I have long felt the desire to create. From my earliest years, however, more often than not, my desire to create did not match up to my abilities. Even still this is the case.
I clearly remember sitting in Kindergarten and coloring with my yellow crayon. (Lemon yellow was my favorite.) My teacher said to stay in the lines away from the shark that lived outside the lines. I remember looking very closely at my paper and I was pretty sure there were no sharks, but I was very obedient (just ask my mom) so I stayed in the lines as much as I could just in case. But I was only five and that wily crayon was hard to control. I felt really bad when I went outside the lines. I was always disappointed in my coloring pages. They never looked as pretty as I wanted them to.
In second grade I colored a picture of Santa. I didn’t want to be like everyone else, so instead of a white beard like everyone else was doing, I decided to go blond (a good choice still). So, my Santa a big yellow beard, lemon yellow, no doubt. But when I eagerly showed it to my teacher she read the bottom of the paper, “The beard on his chin was as white as the snow.” And promptly stamped a “satisfactory” snoopy stamp on my paper. I promptly threw it in the garbage can before any other judging eyes could look upon it. A satisfactory snoopy stamp was ultimate humiliation.

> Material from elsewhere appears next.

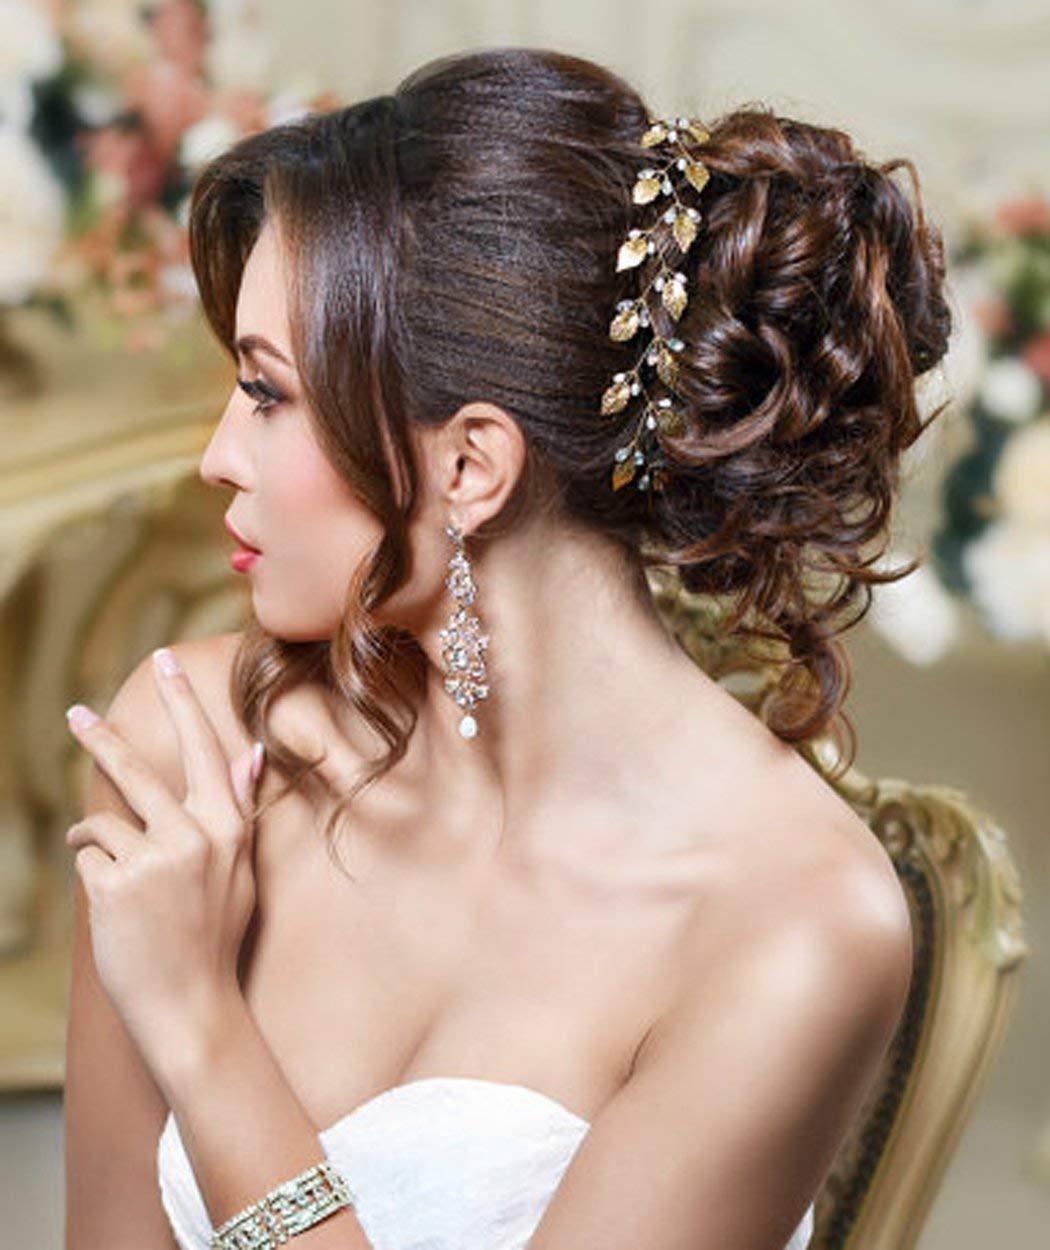 Amazon.com : Golden Leaf Headband Bridal

I could go on, I have piles of pathetic art projects from grade school. My embroidery was mediocre, my quilting horrid. Sewing a straight line is pretty much impossible. And don’t even get me started on the ills of scrapbooking. It should be banned, but then what would all the bored housewives do? (I’m kidding. Sorta) Anyway, my taste in color, design, decorating–blah, none of it comes naturally to me. Gardening is better, but still…
So, if this sounds like a pity party, it’s not. (If I were having a pity party, I would tell you horror stories of childhood and teen PE experiences, but I don’t want to make you cry.) I fully understand that the reason that most of my outward skills are lacking, beyond having little to none in the natural ability department: I don’t take the time to cultivate them. Because what I really want to do is write.

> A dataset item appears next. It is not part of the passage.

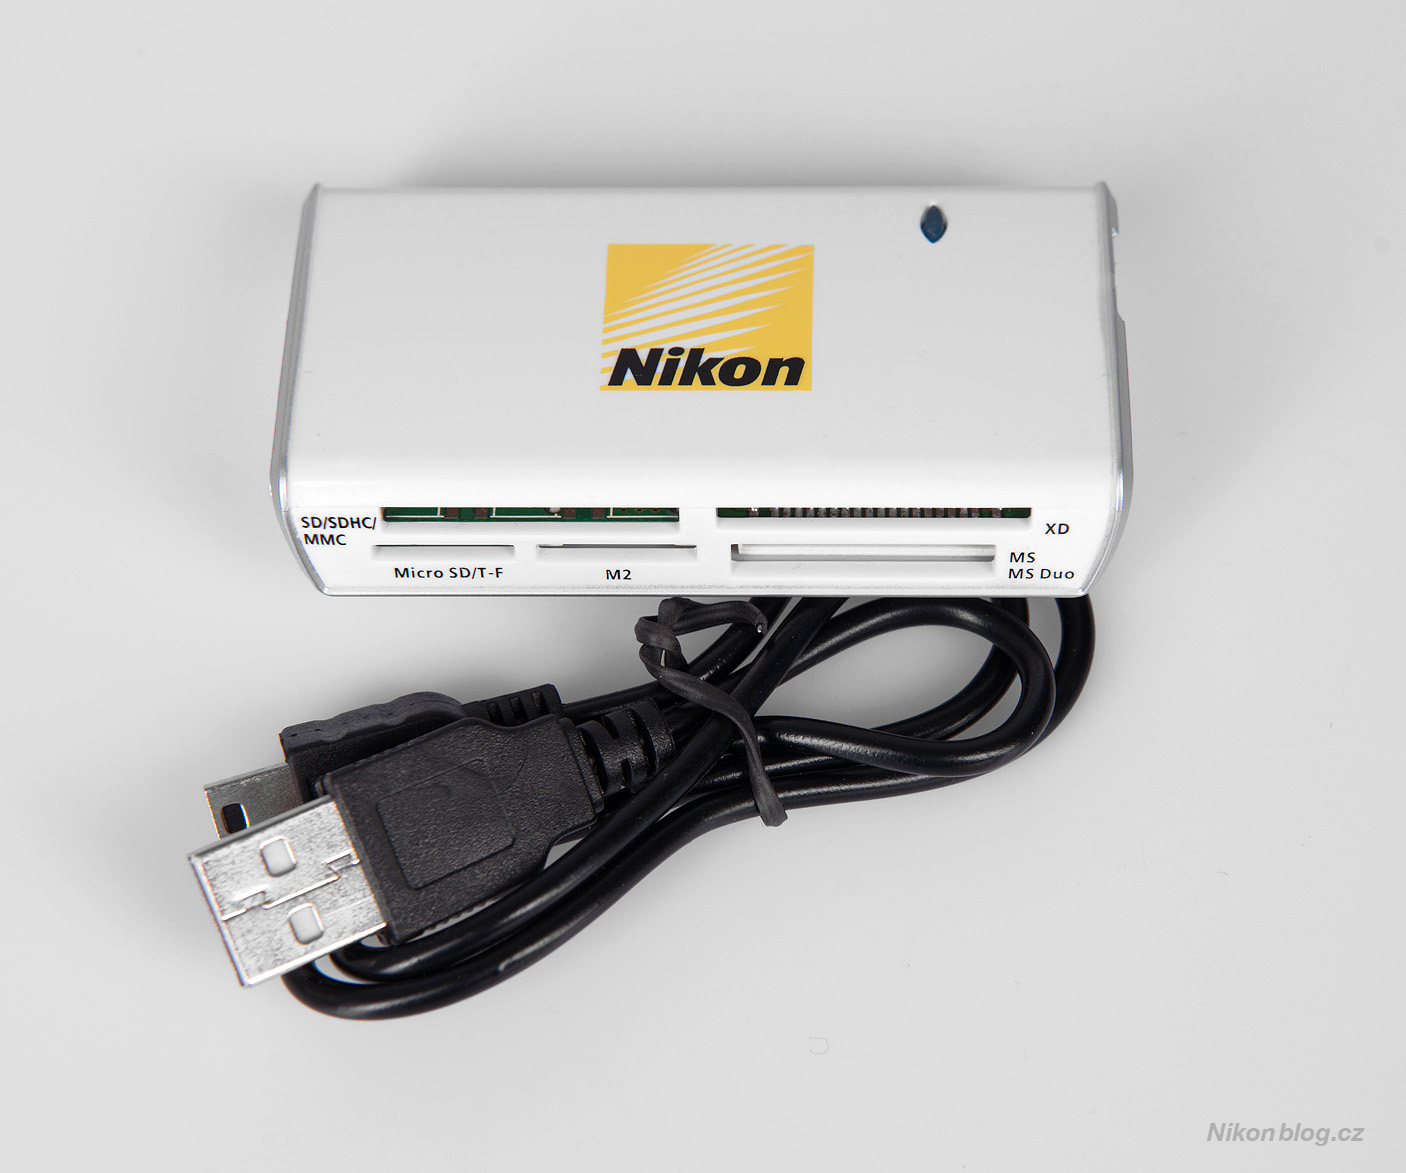 Čtečka karet Nikon

I want to create worlds with words; characters with skills that I lack; adventures, triumphs and failures–all of it. I can create fantastic homes, flourishing gardens, intricate quilts, and even coordinated scrapbook pages without lifting a finger. The mind is an amazing thing.
That is why the talk by Elder Uchtdorf spoke straight to my soul. It satisfied in me the wonder of why I wanted to create so badly and why that is such a good thing.

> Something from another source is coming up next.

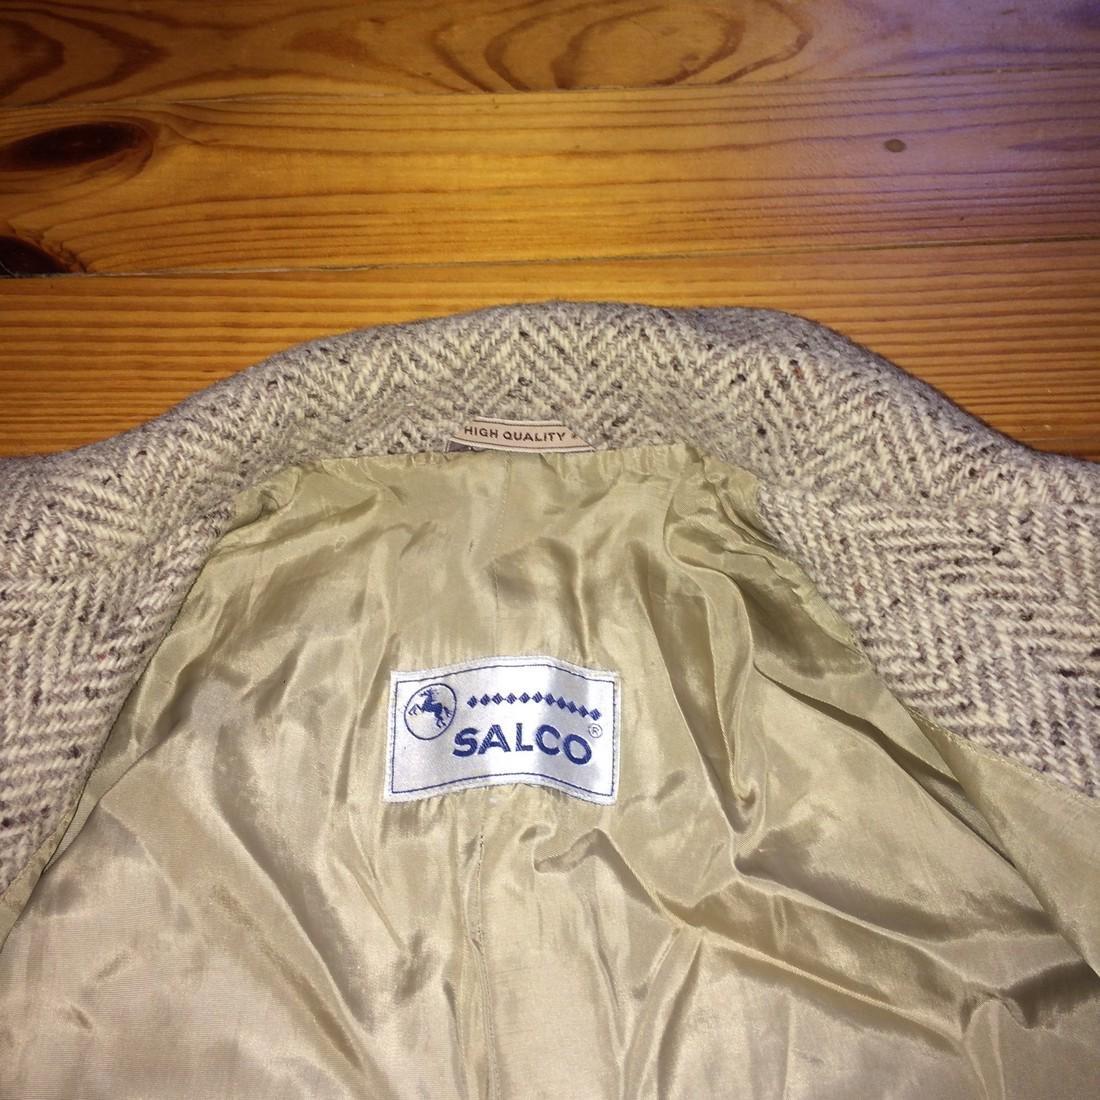 Women's Salco Pure New Wool Jacket Coat Size XL - 10

So, now that you are inspired, go. Go and create. There are a million things to create. Paint, sew, cook, smile, write. Whatever it is that you do, do it. And be happy.
Hey, don’t dis the scrapbookers of the world. Just because we’re all hopped up on glue and sniff copious amounts of glitter doesn’t mean we’re crazy.
Wowwww. That just blew my mind and opened my soul. I wish I could post that on my wall and watch it every day. That was phenomenal. Thank you for sharing this. I am inspired.
By the way, you made me laugh out loud with your stories.
Where do you find these? It was absolutely amazing.
*spirit daughters of the most creative Being*
What a wonderful reminder of an eternal perspective on our ability to create.
Love that speech. When I attended the women’s conference where he delivered it, I thought wow, look at all these women who came to here Pres. Uctdorf speak to me. Yes, I am that full of myself.
Anywho. Color outside the lines Mel, color outside the lines!
I love that video. Truly one of the most moving things I’ve ever seen and heard. I get a lump in my throat just thinking about the great love I feel from my Father in Heaven when I watch that video.
I think I am inspired to find something YELLOW! to create today!